Bank of England raises interest rate to 5%
1 Mortgage repayments, along with the cost of overdrafts and credit card debts, are set to rise after the Bank of England surprised the City yesterday by announcing its first rise in interest rates for more than a year.
2 News of the quarter-point rise to 5% was cautiously welcomed by some financial institutions, but was largely condemned by industry and trades unions.
3 A statement from the Bank of England’s monetary policy committee said that strong growth, a recent recovery in consumer spending, buoyant export markets and signs of a pick-up in investments meant that action was necessary in order to meet the government’s 2.5% inflation target.
4 The statement said: “With inflation likely to remain above target for some while, it was judged necessary to bring consumer prices inflation back to target in the medium term.”
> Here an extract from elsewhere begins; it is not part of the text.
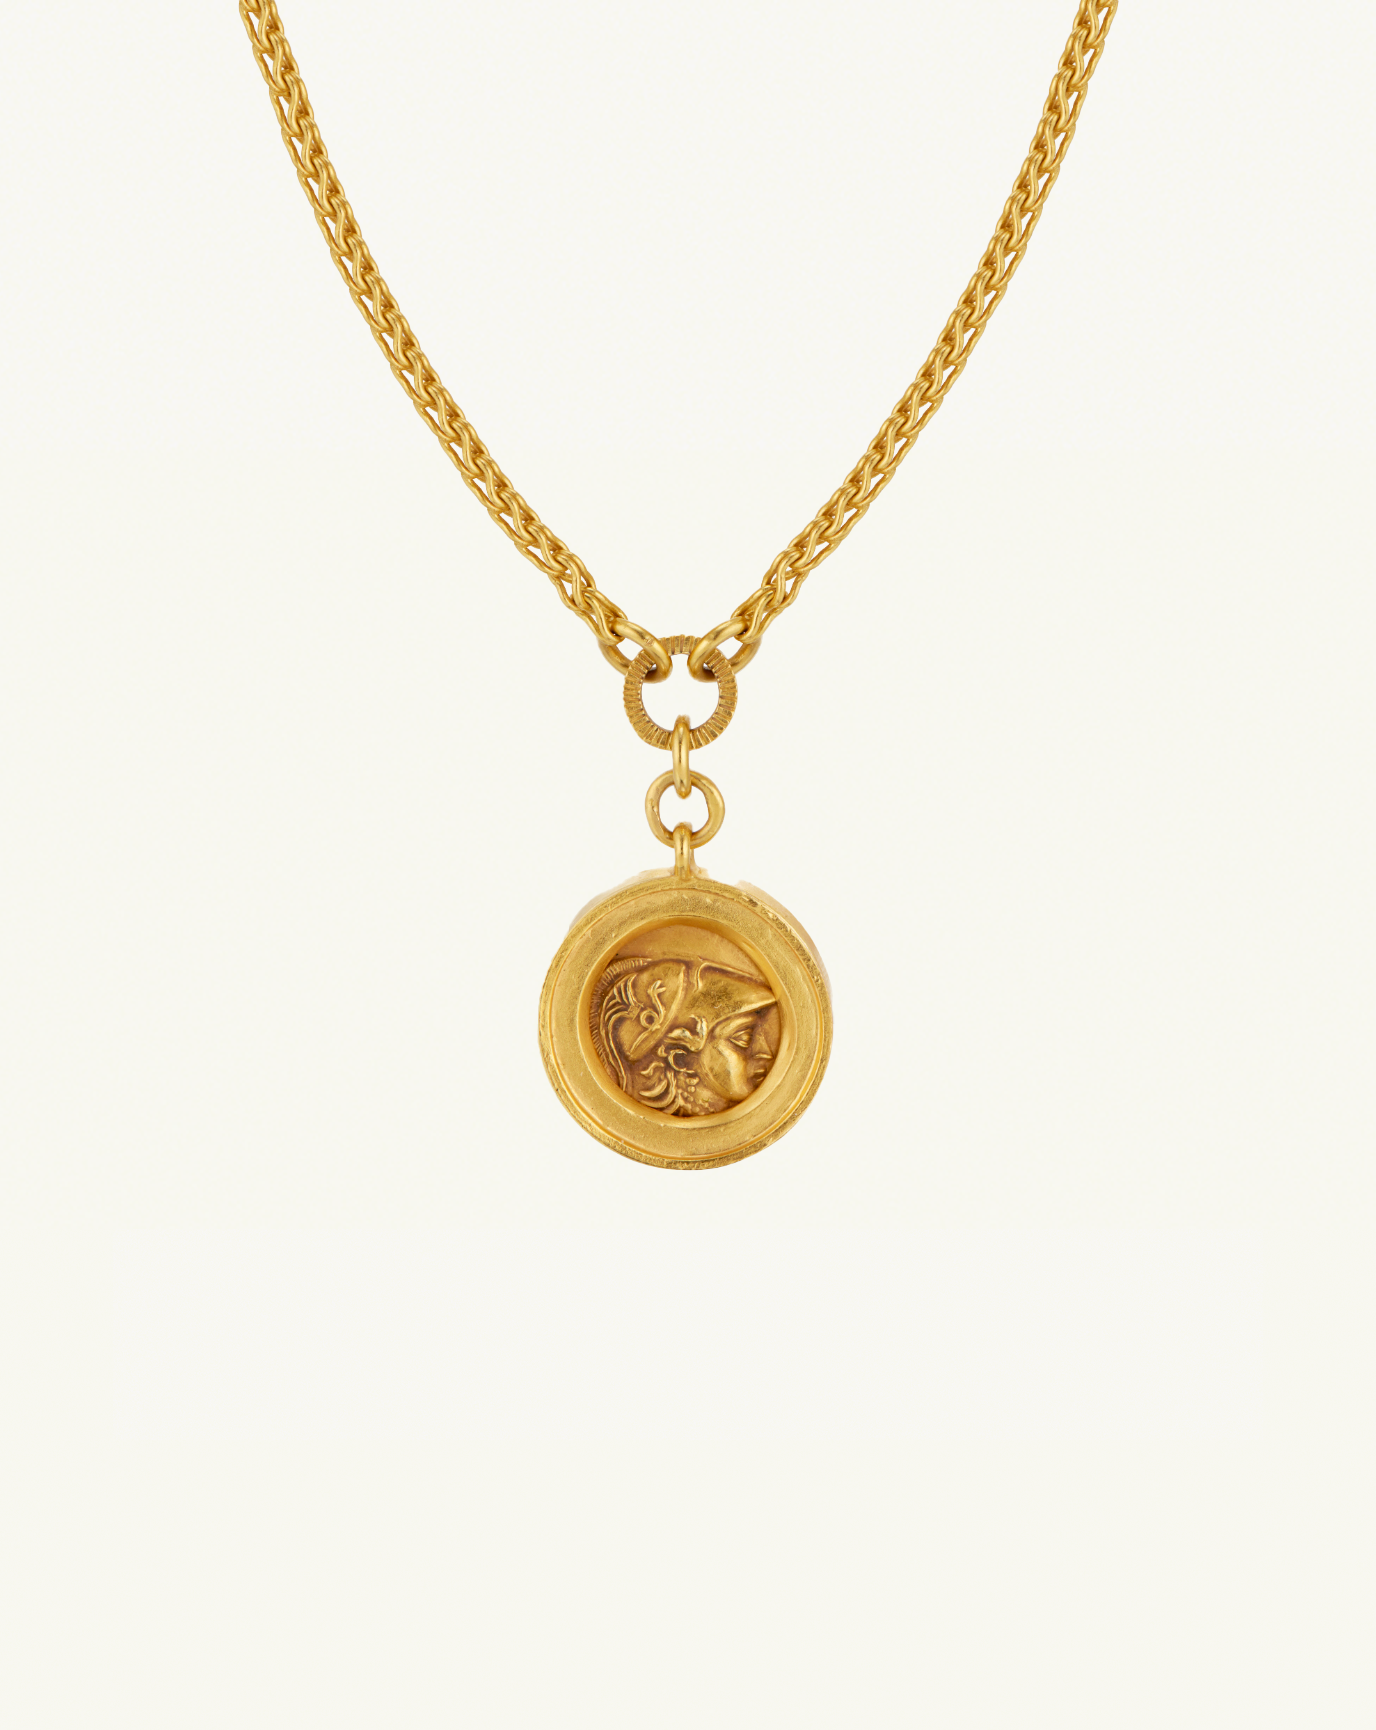 Product image of the gold reversible necklace with pendant and chain

5 A response from the London Board of Businesses and Exporters described the move as premature, and likely to damage businesses, especially those dependent on export earnings.
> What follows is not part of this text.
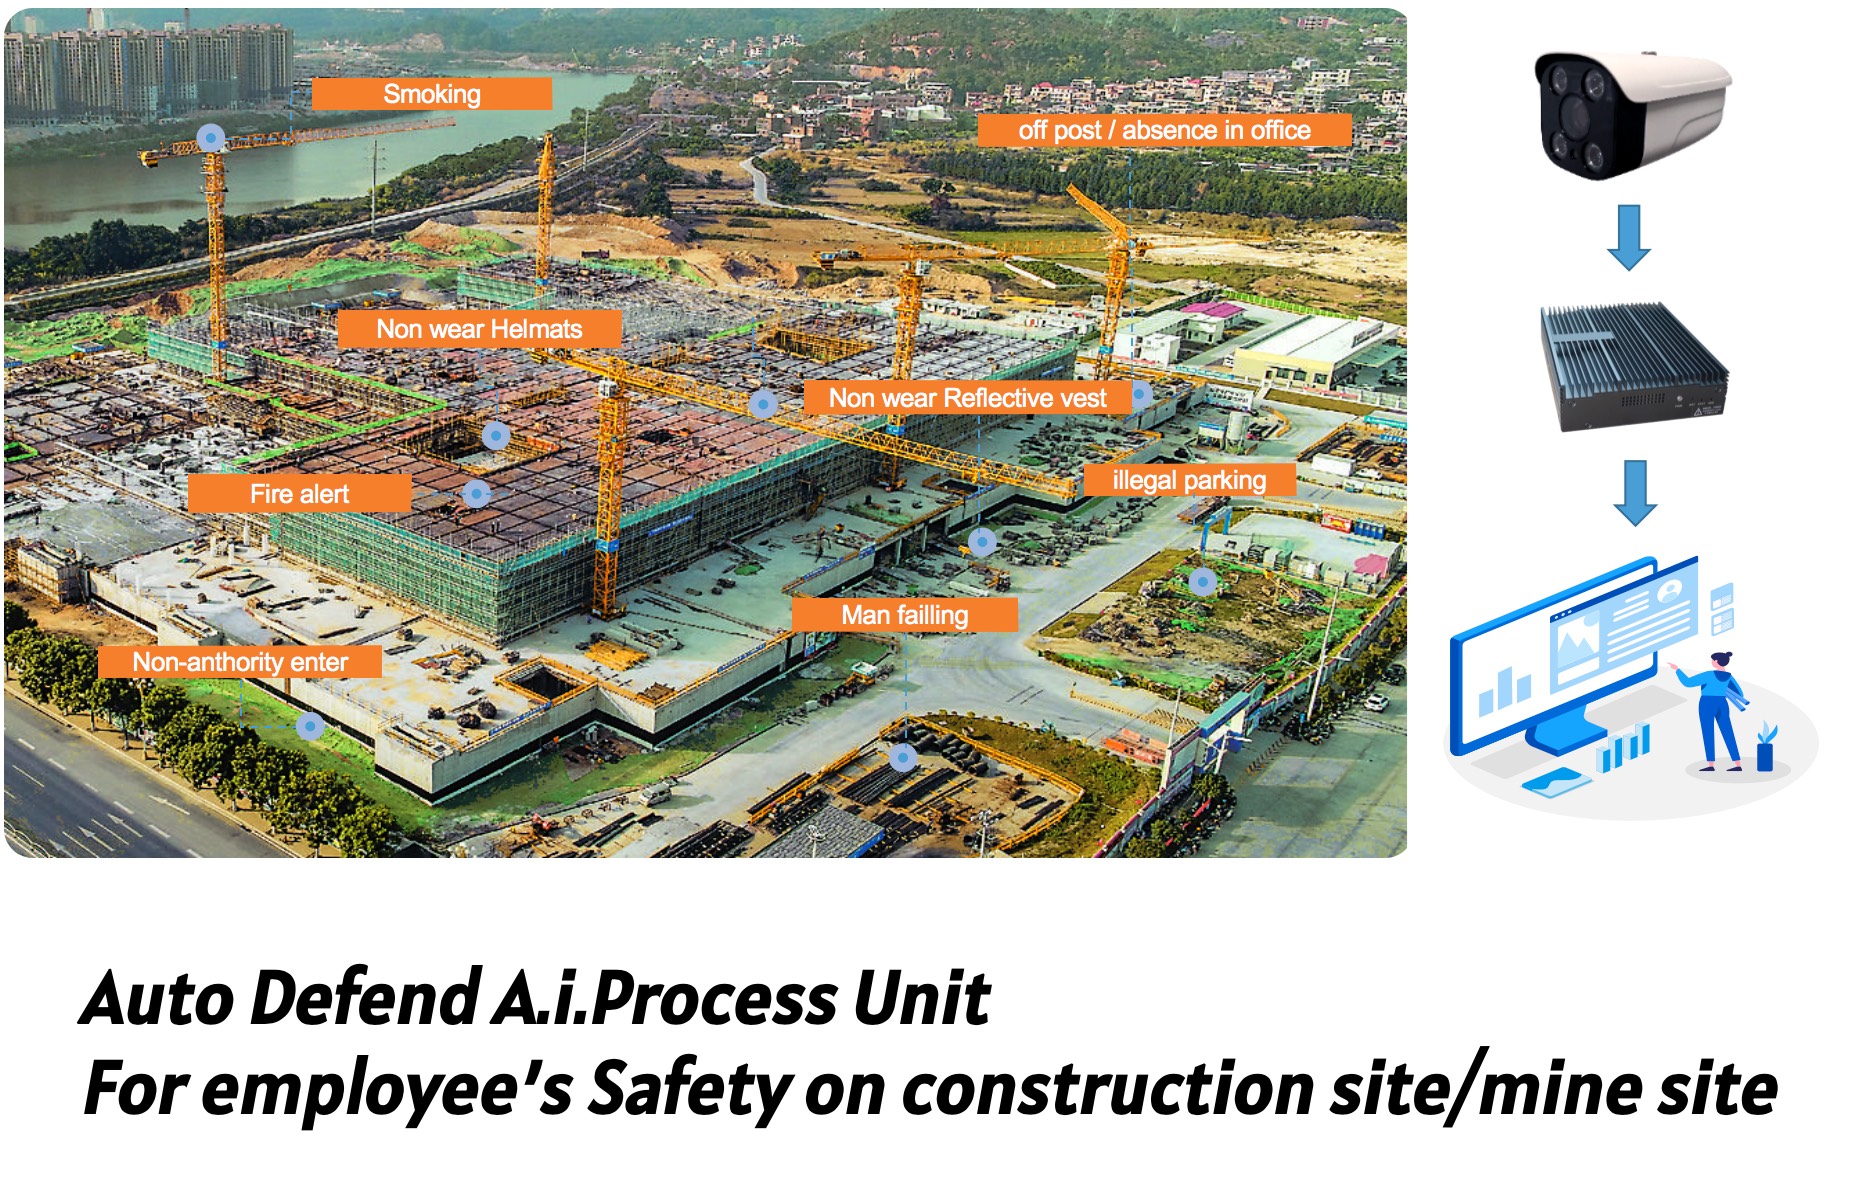 Auto Defend A.i.Process Unit For employee’s Safety on construction site/mine site

6 Many homeowners will face higher monthly bills through increased mortgage costs, especially those with variable rate and base-rate tracker mortgages. If mortgage lenders pass on the rise in full, it will add around £20 to the monthly repayments on a £100,000 mortgage. According to Sarah Parker of the Family Income Monitoring Unit, the average family will need to find around another £40 a month.
7 Few analysts predicted a rate increase, and some had even been expecting a decrease to help boost a subdued housing market. Many were talking about the increase being a pre-emptive strike, with the small increase in borrowing costs now intended to ward off the need for a more painful rise later.
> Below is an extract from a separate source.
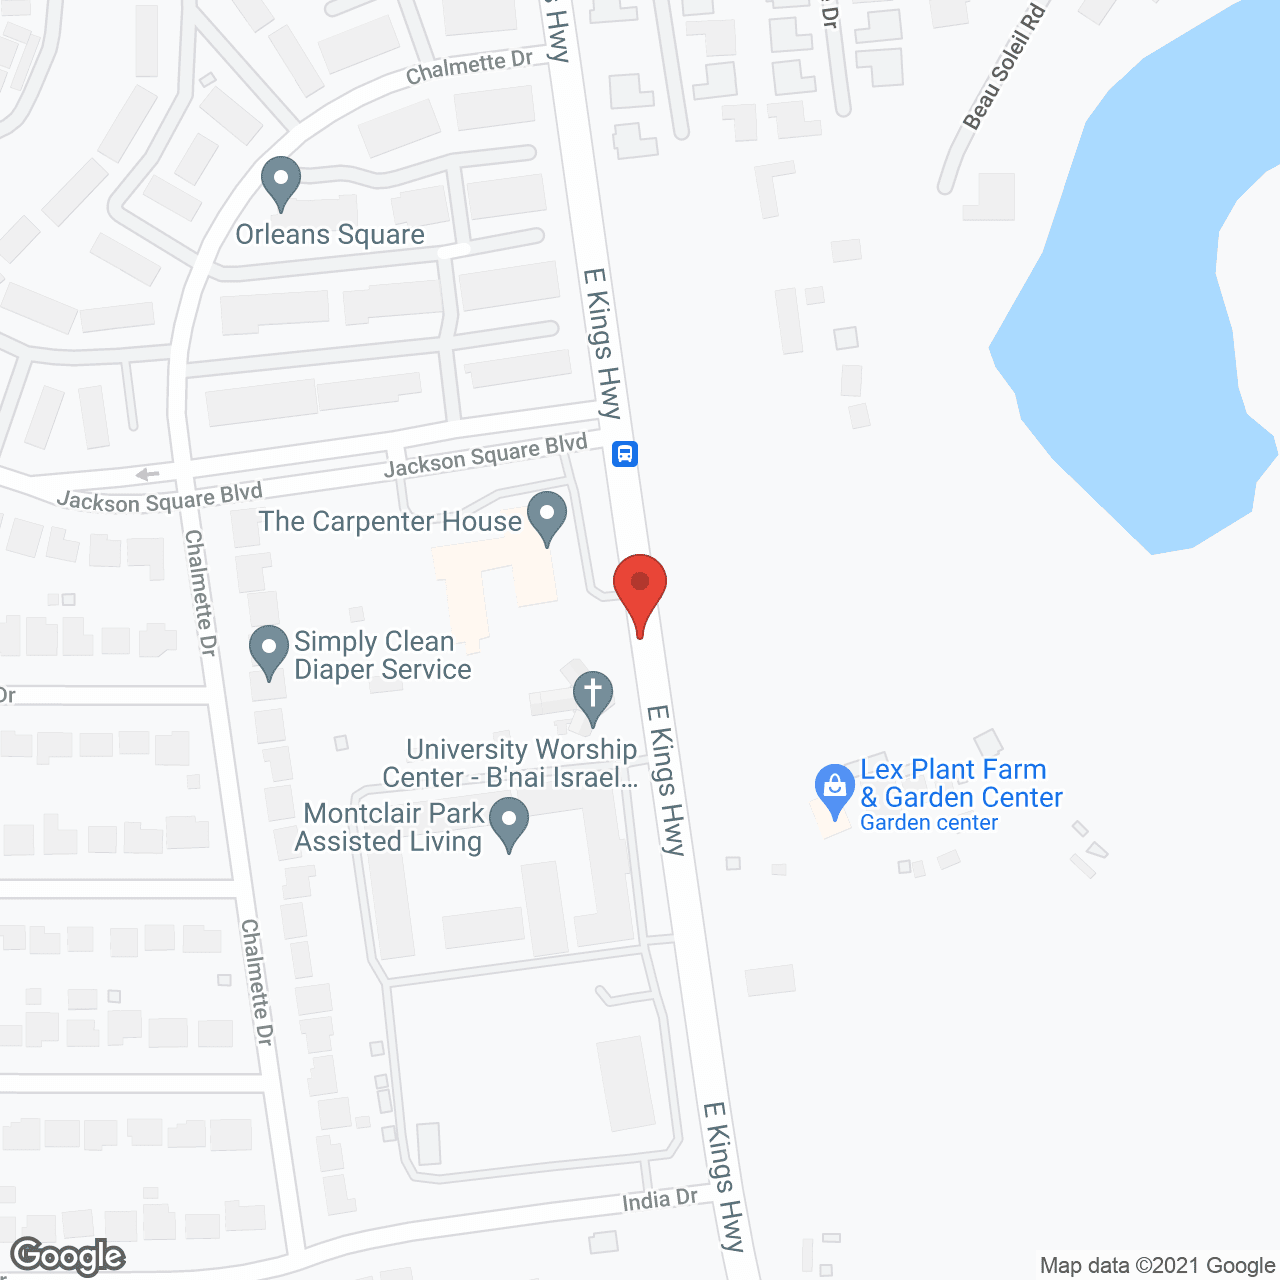 Montclair Park Assisted Living in google map

8 In the City’s money markets, however, there were expectations of a further tightening of the Bank’s policy and further interest rate rises – perhaps up to 5.75% – unfolding over the next twelve months. Fears that further rate increases would affect consumer spending wiped £17bn off the value of the London stock market.
A. Choose the correct words.
1 the City (paragraph 1)
a the people of London
b financial professionals working in London
2 a quarter-point rise (paragraph 2)
a a 0.25% rise
b a 2.5% rise
3 consumer spending (paragraph 3)
a money spent by businesses
b money spent by ordinary people
4 a pick-up in investments (paragraph 3)
a an increase in share prices
b a drop in share prices
5 in the medium term (paragraph 4)
a over the next few months
b over the next few years
6 a pre-emptive strike (paragraph 7)
a an action taken before it becomes necessary
b an action taken after it becomes necessary
B. Find words in the article with the same meaning as the following.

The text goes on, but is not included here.